- Born: June 11, 1940 (age 85) Madrid, Spain
- Education: Complutense University of Madrid
- Occupations: Lawyer, University Professor
- Title: Count of Fontao, Marquis of San Saturnino
- Awards: Knight of the Real Maestranza of Ronda

= Jose Manuel Romero Moreno =

Spanish lawyer and university professor

José Manuel Romero Moreno (Madrid, 11 June 1940) is a Spanish lawyer and university professor.

== Family and education ==

He is the son of stockbroker and musicologist Carlos Romero de Lecea and Pilar Moreno Uribe and grandson of Jose Moreno Osorio, count of Fontao and civil engineer. He did his elementary and secondary studies at the College of Areneros of Madrid. In 1959 he entered the Complutense University of Madrid. In his second year of college, he accompanied the Prince Juan Carlos de Borbon.

In 1981 he received his doctorate for his thesis entitled "Fundamental rights and procedural protections in the nineteenth century in Spanish".

== Career ==

He founded his law firm in 1991. It merged three years later with that of the former Minister Alberto Oliart.

In 1993 after his mother's death, he inherited the titles of Count of Fontao and Marquis of San Saturnino, continuing the family ties with the province of Lugo. That year King Juan Carlos appointed Romero as his Household's external legal counsel.

In 2004 he was appointed member of the board of directors of Patrimonio Nacional and Secretary of the Board of Real Instituto Elcano.

With the arrival of the new Monarch Felipe VI in 2014, he left the service of the Crown.

In 2015 he is appointed Chairman of SICPA Spain.

He is a Knight of the Real Maestranza of Ronda.

== Nóos case ==

In December 2011 the press discovered that, as private legal adviser to the King, Romero Moreno had been trying to force Inaki Urdangarin to cease his commercial activities linked to what later was called the Nóos case. His efforts were unsuccessful and Urdangarin continued his activities.
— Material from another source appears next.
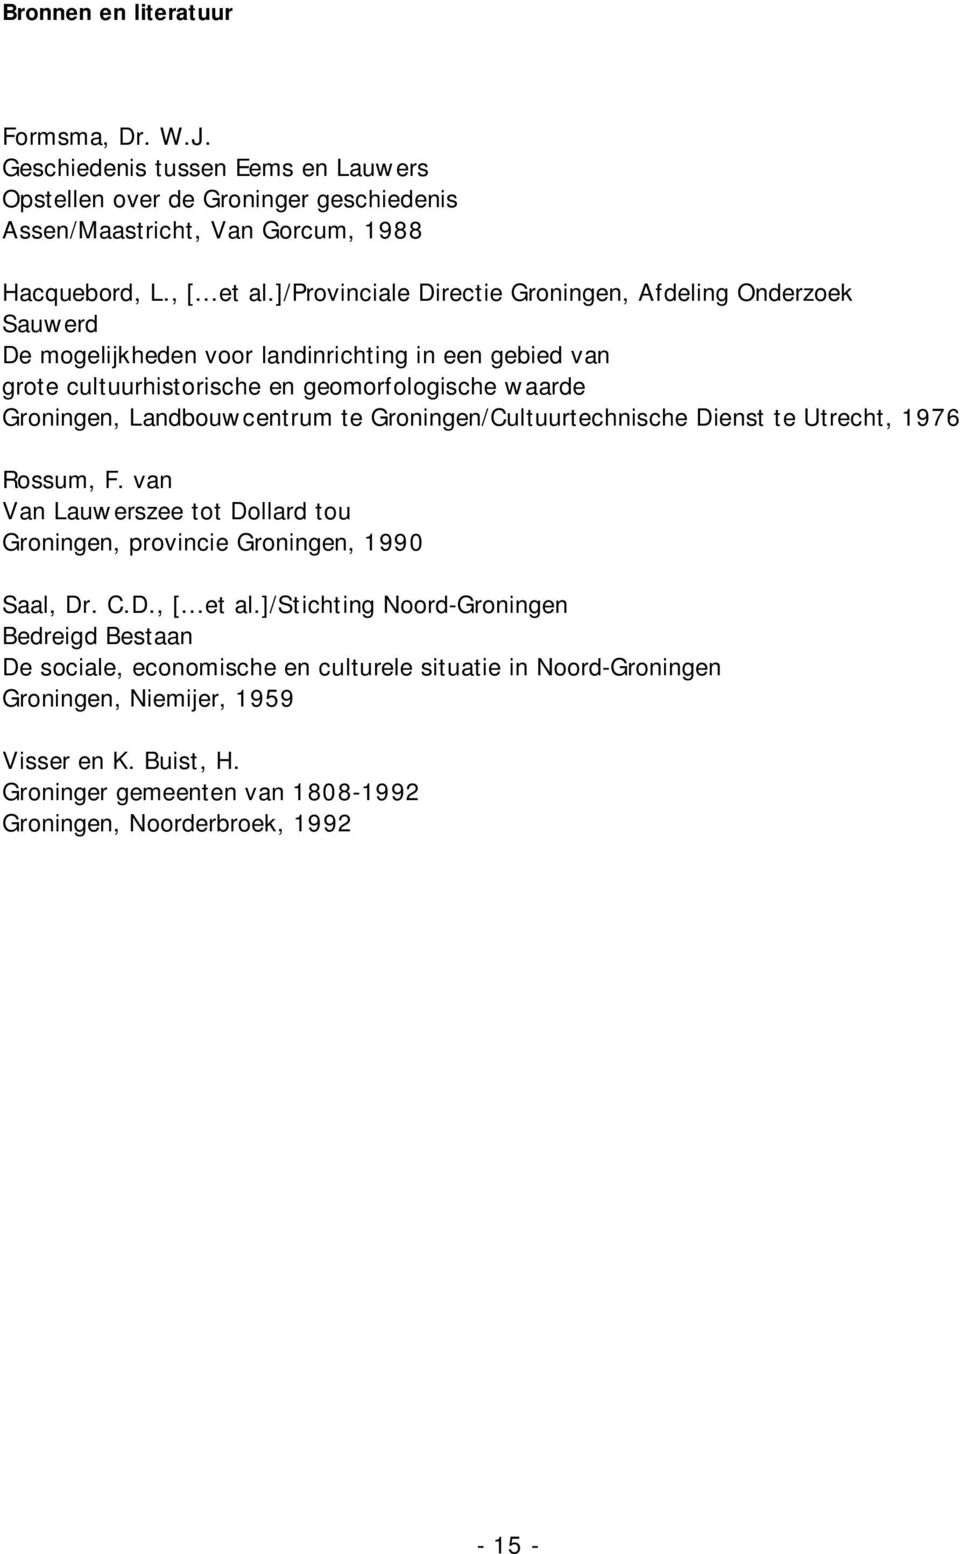 Landbouwcentrum te Groningen/Cultuurtechnische Dienst te Utrecht, 1976 Rossum, F. van Van Lauwerszee tot Dollard tou Groningen, provincie Groningen, 1990 Saal, Dr. C.D., [...et al.

A year and a half later, he declared as a witness before the investigating judge describing his exact intervention in the matter. On 21 April 2016 it ended his involvement in the case declaring as a formal witness at the trial opened by this cause.

== Personal life ==

Romero Moreno married Ana María Duplá (divorced in 2017). Their children are:

- Carlos Romero Duplá (b. 1972) married to Marta Lladó Arburúa, daughter of former Minister José Lladó Fernández-Urrutia.
- José Romero Duplá (b. 1979) married to Patricia del Pozo Salinas.

== Sources ==

- Diccionario Biográfico Español. Real Academia de la Historia. Madrid 2014.